Data excerpt
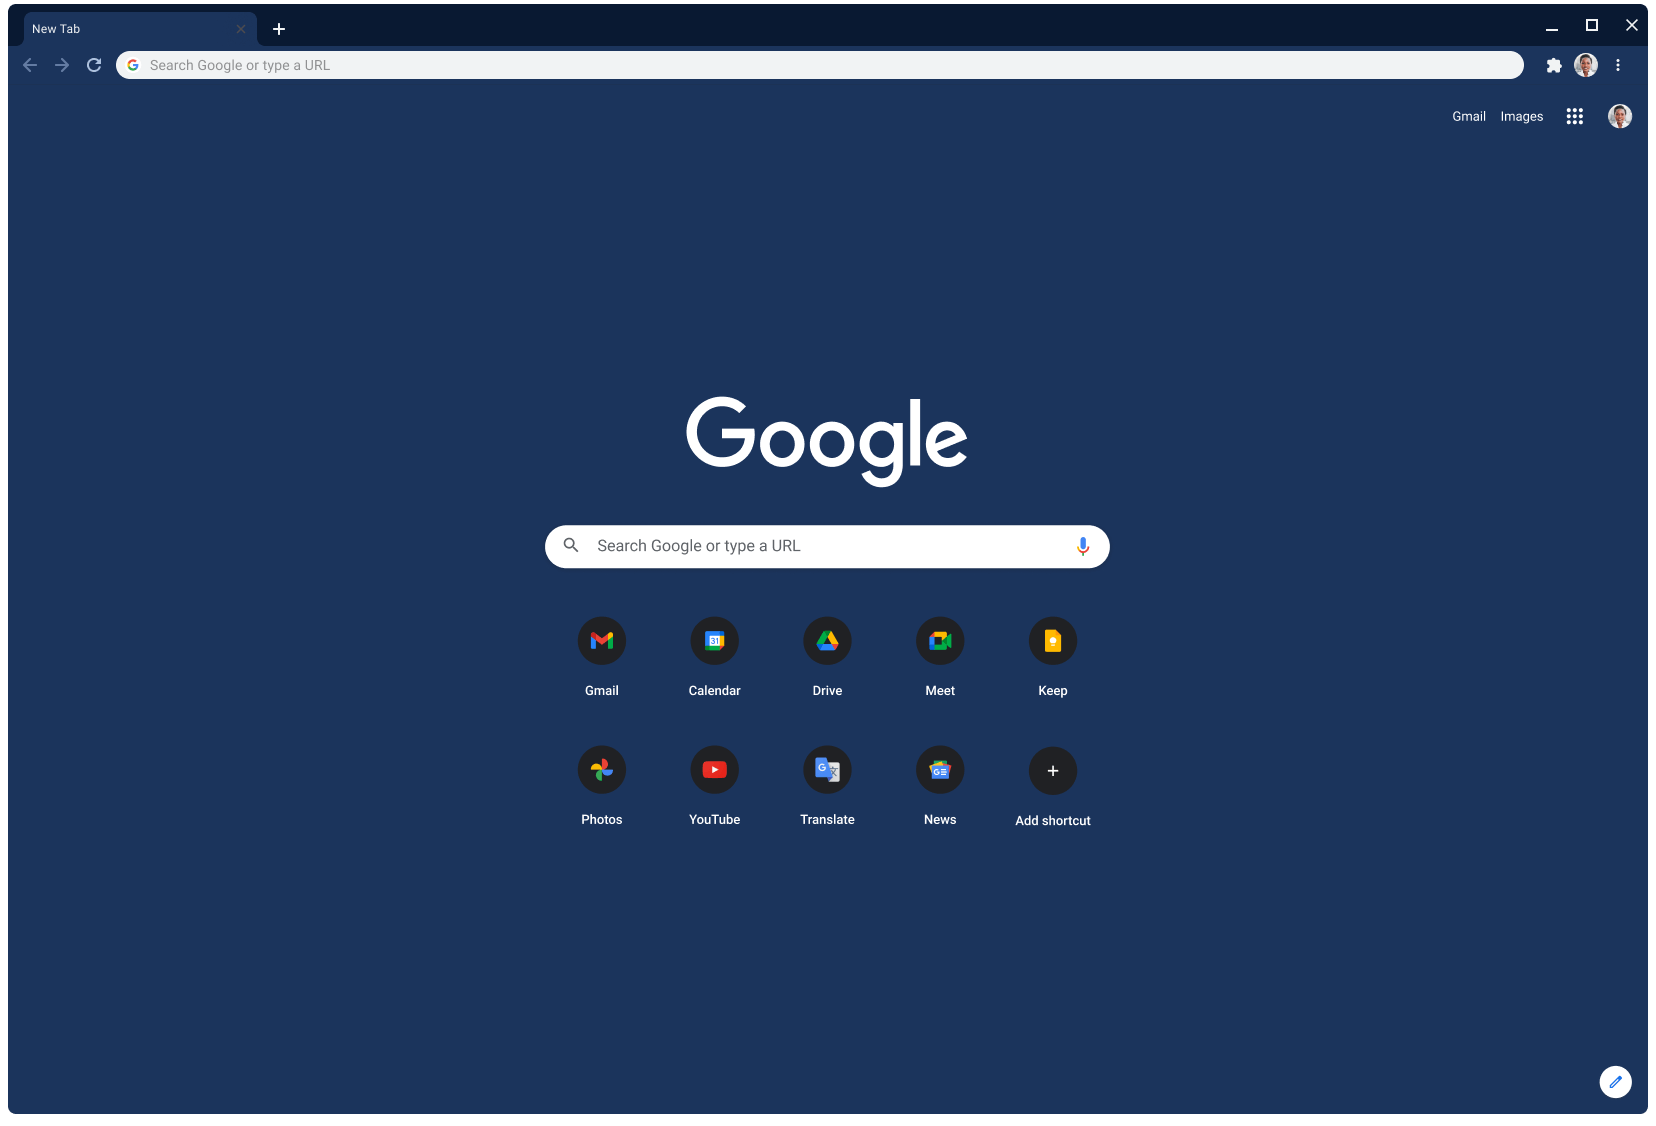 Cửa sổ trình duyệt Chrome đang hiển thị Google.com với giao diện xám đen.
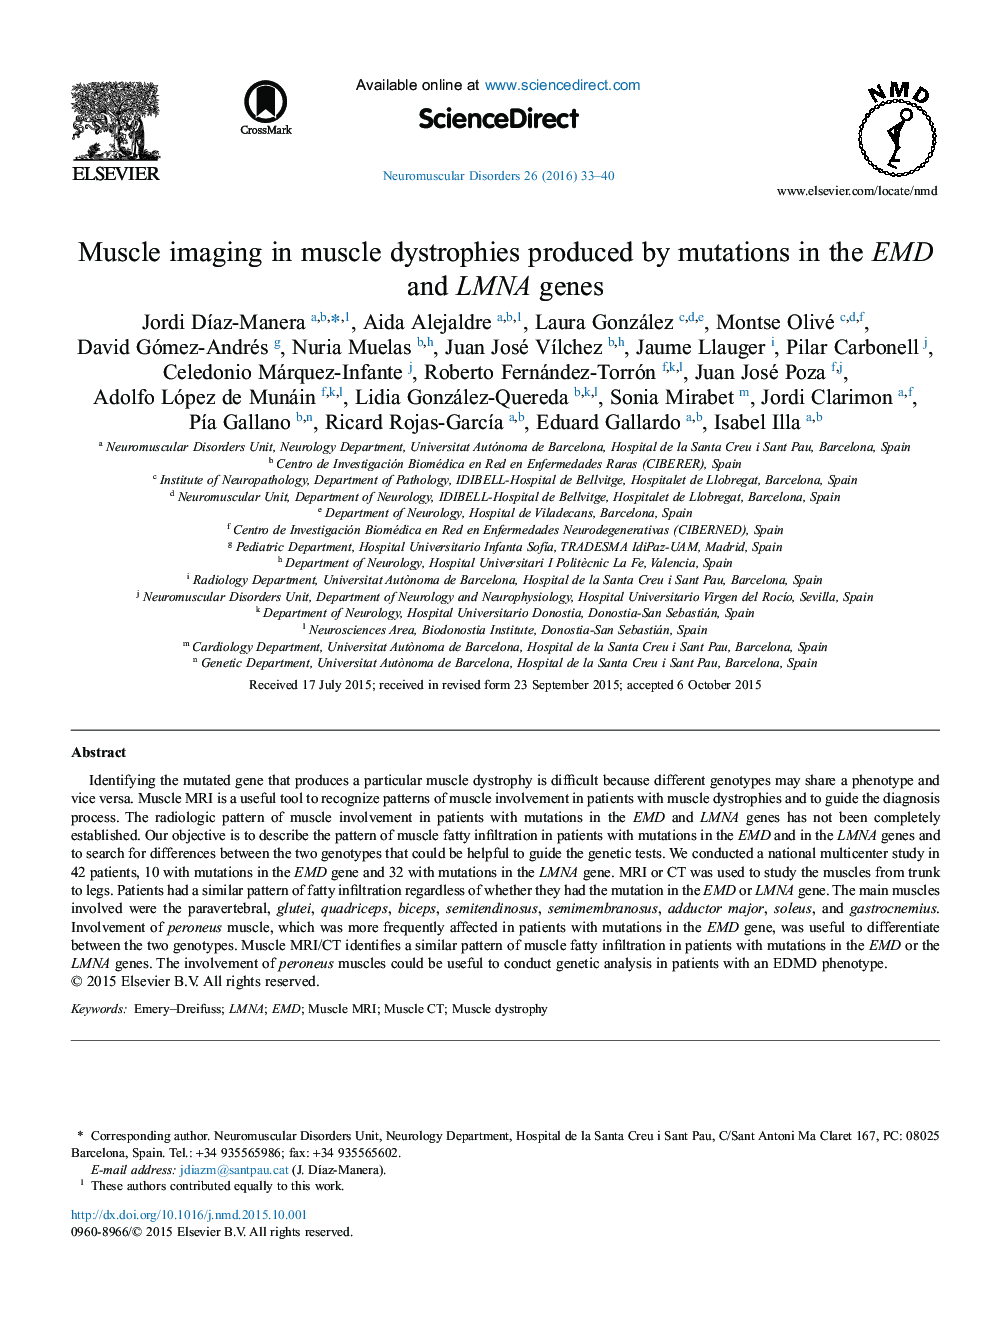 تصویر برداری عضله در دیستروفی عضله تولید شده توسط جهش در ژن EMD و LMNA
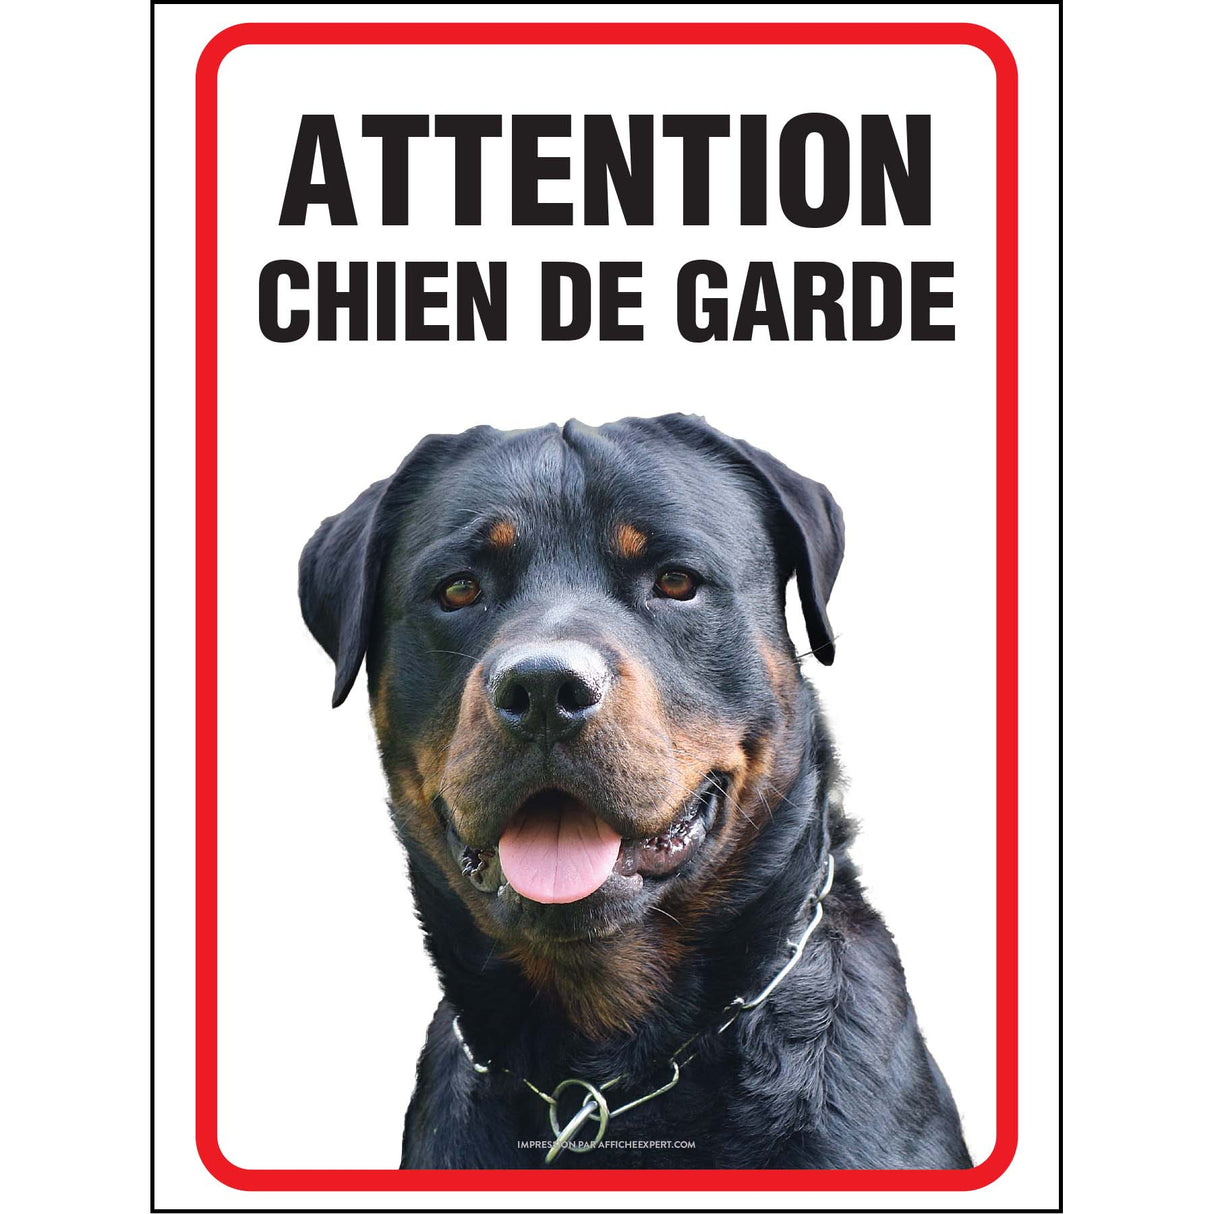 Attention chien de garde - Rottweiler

Assigned task
Would you repeat the complete listing exactly, excluding each picture it holds?

Result for this task
 Cửa sổ trình duyệt Chrome đang hiển thị Google.com với giao diện xám đen.
 تصویر برداری عضله در دیستروفی عضله تولید شده توسط جهش در ژن EMD و LMNA
 Attention chien de garde - Rottweiler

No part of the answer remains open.